> [Required action]
Below is a listing with pictures in it; transcribe exactly the lines from the one that has "Review Emeralda Resort" through the one that has "Sandales confortables plates", and omit those pictures.

> [Exercise materials]
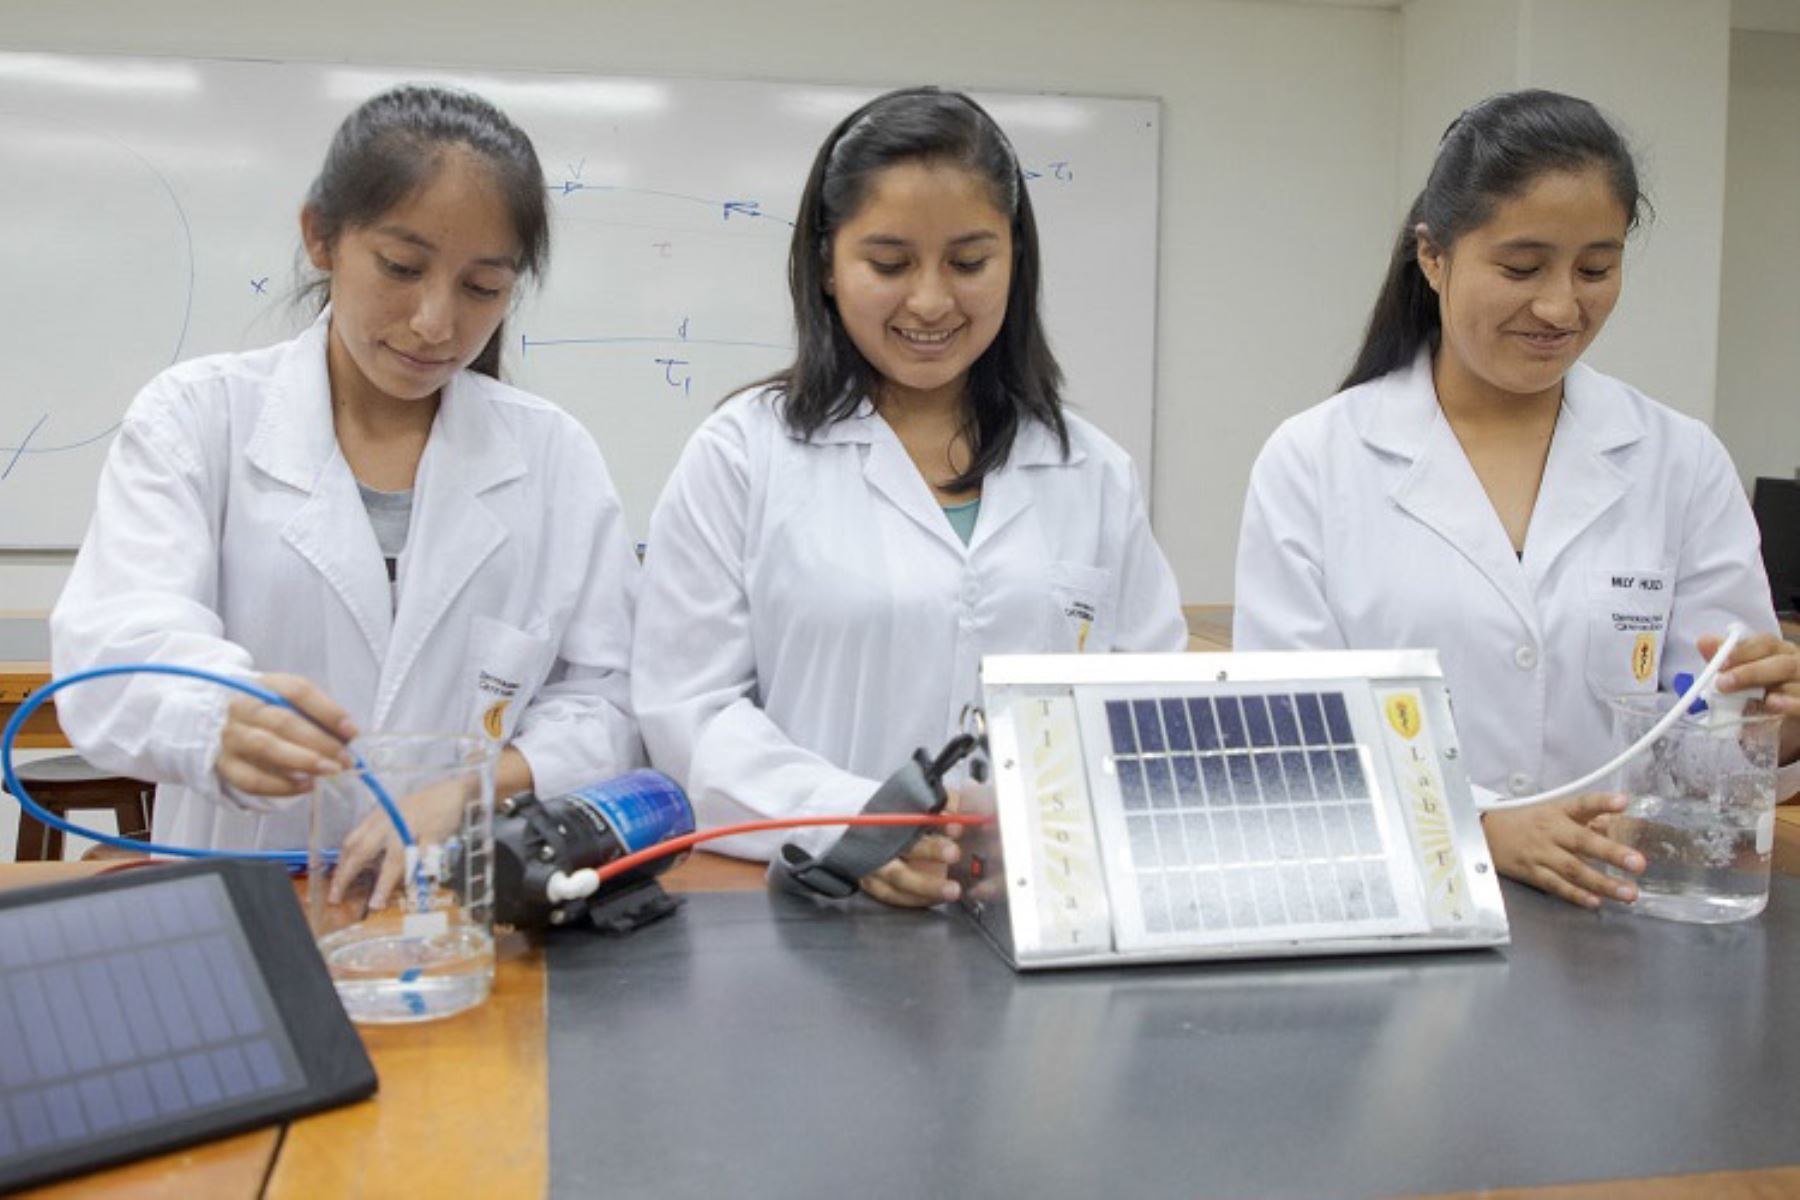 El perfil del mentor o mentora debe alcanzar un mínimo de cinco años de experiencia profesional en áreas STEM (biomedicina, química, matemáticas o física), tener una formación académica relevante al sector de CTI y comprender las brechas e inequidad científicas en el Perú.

--

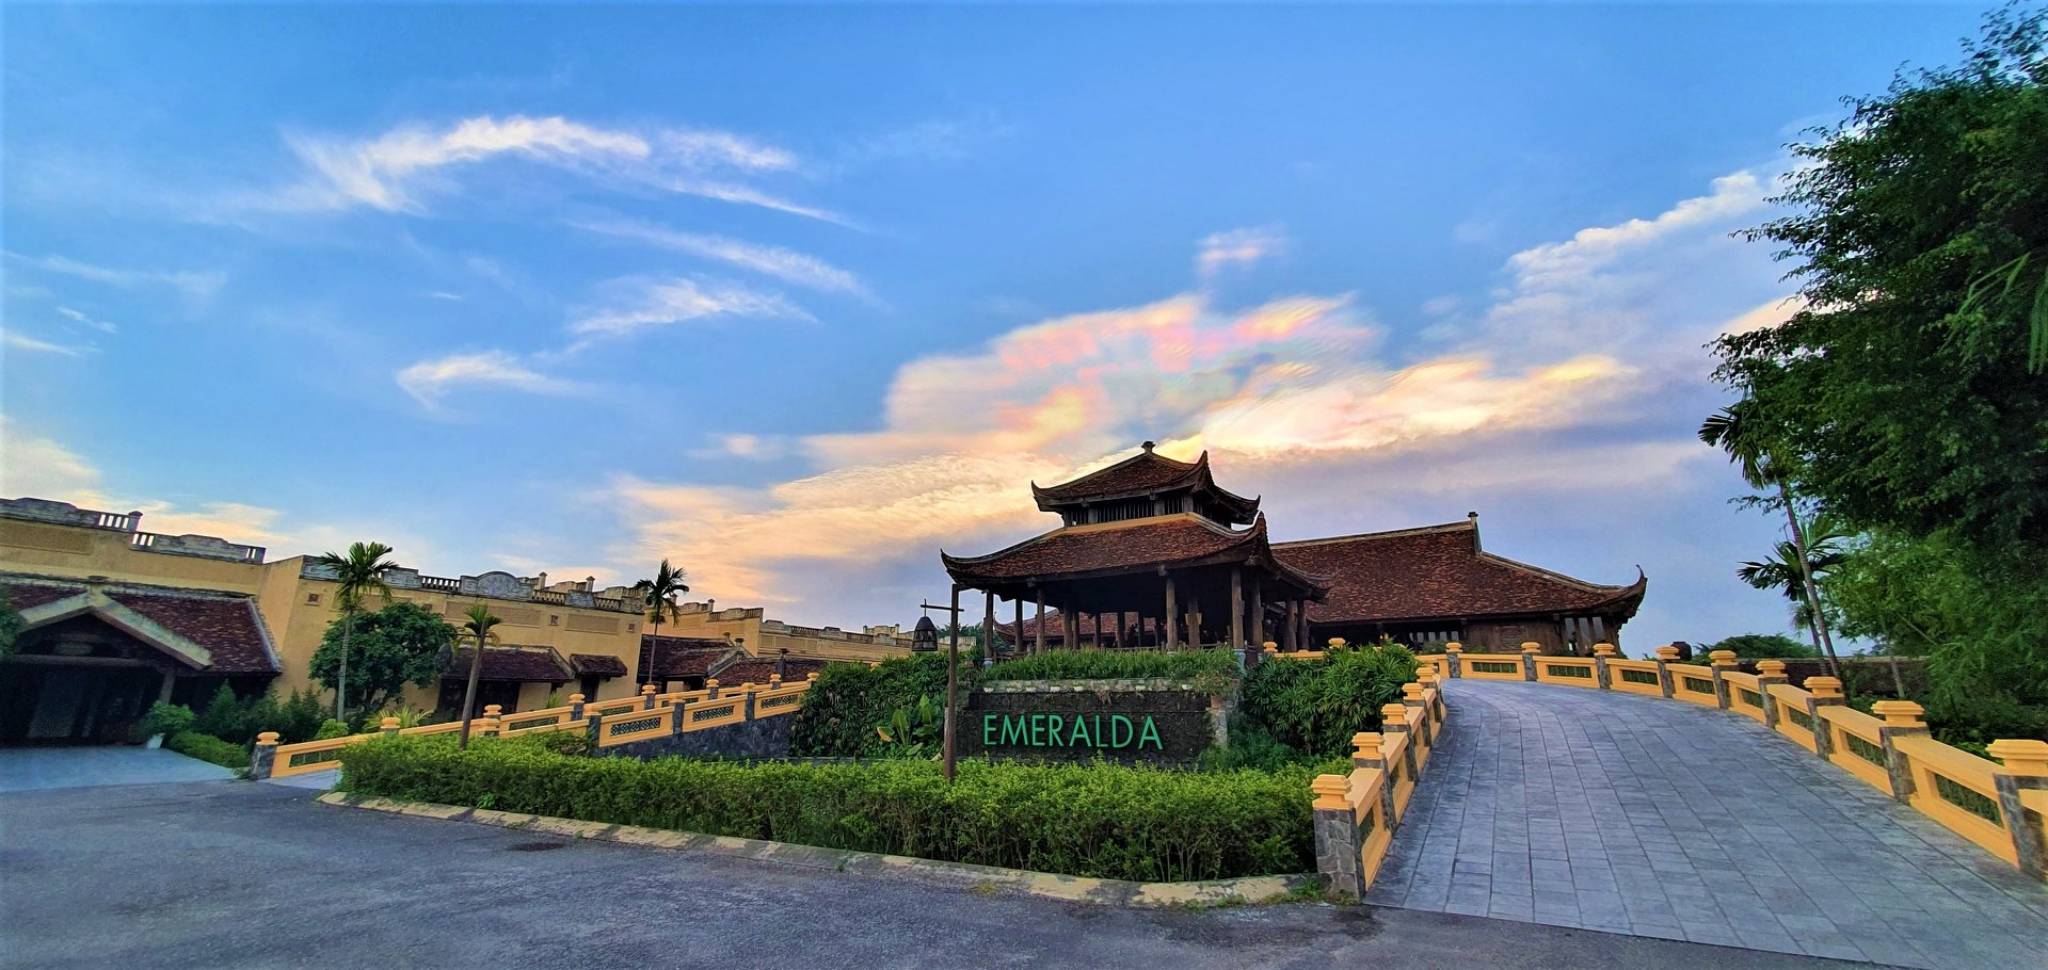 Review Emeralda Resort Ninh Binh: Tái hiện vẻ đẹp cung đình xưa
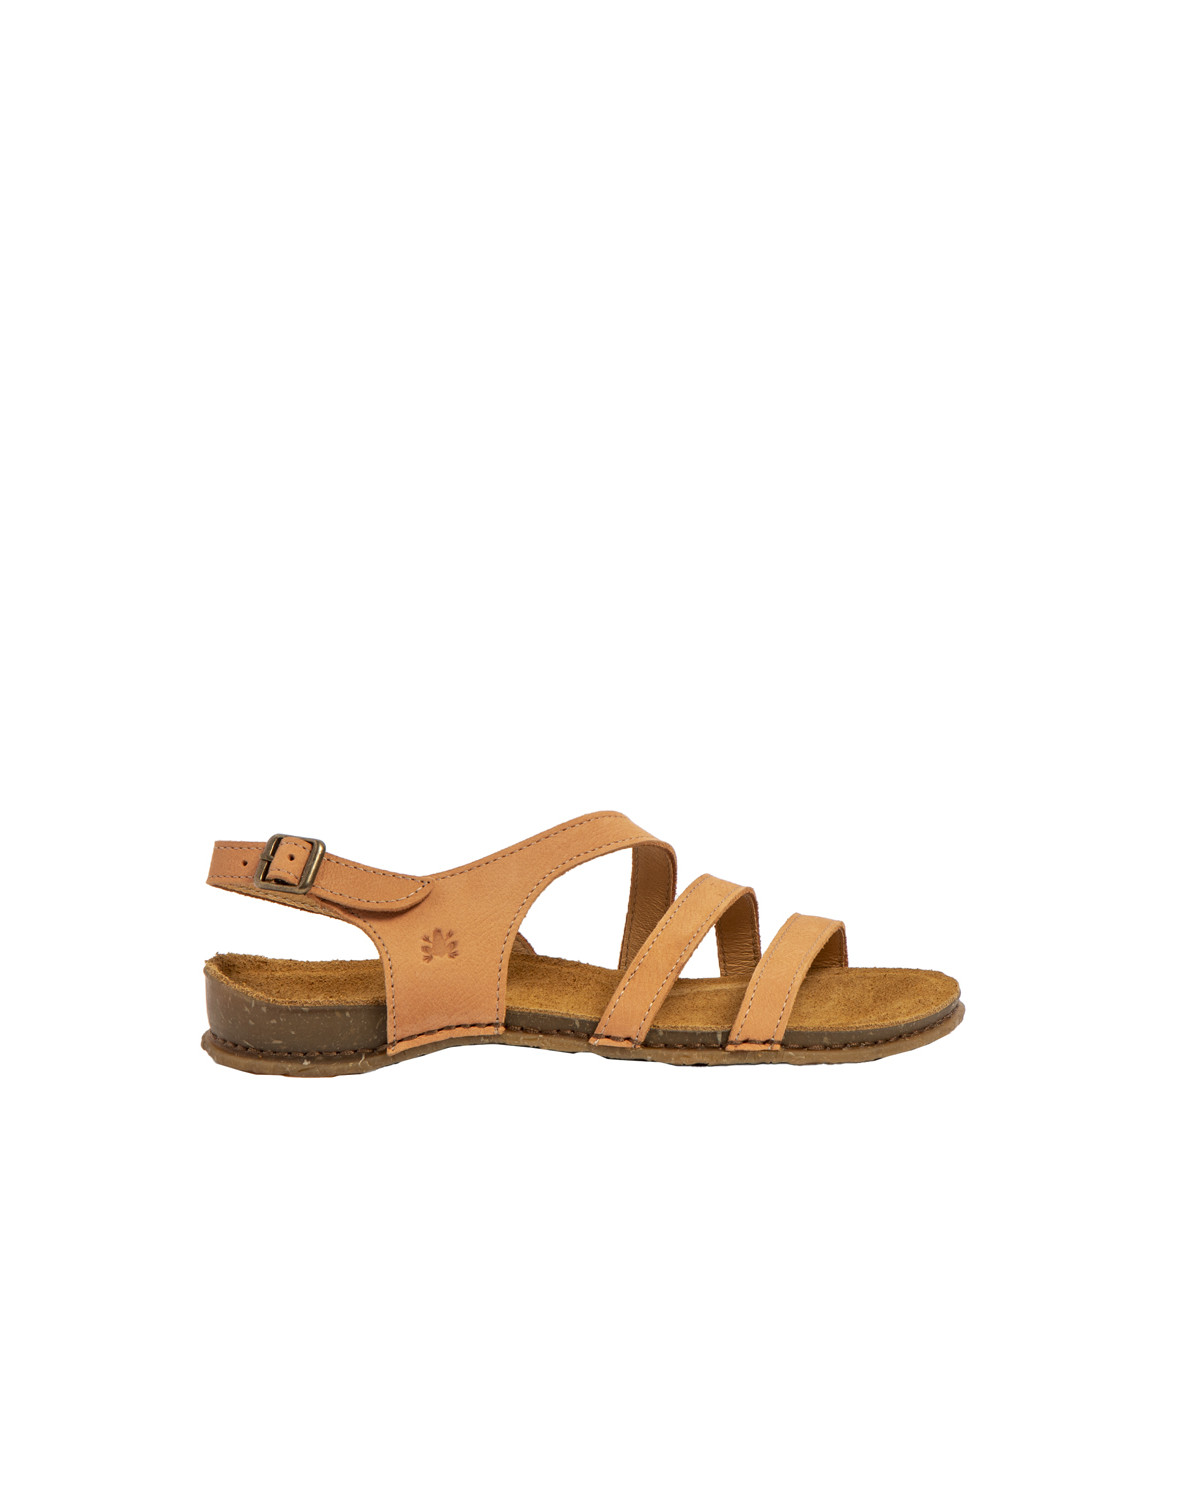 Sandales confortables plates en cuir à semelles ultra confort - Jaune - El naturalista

> [Task response]
 Review Emeralda Resort Ninh Binh: Tái hiện vẻ đẹp cung đình xưa
 Sandales confortables plates en cuir à semelles ultra confort - Jaune - El naturalista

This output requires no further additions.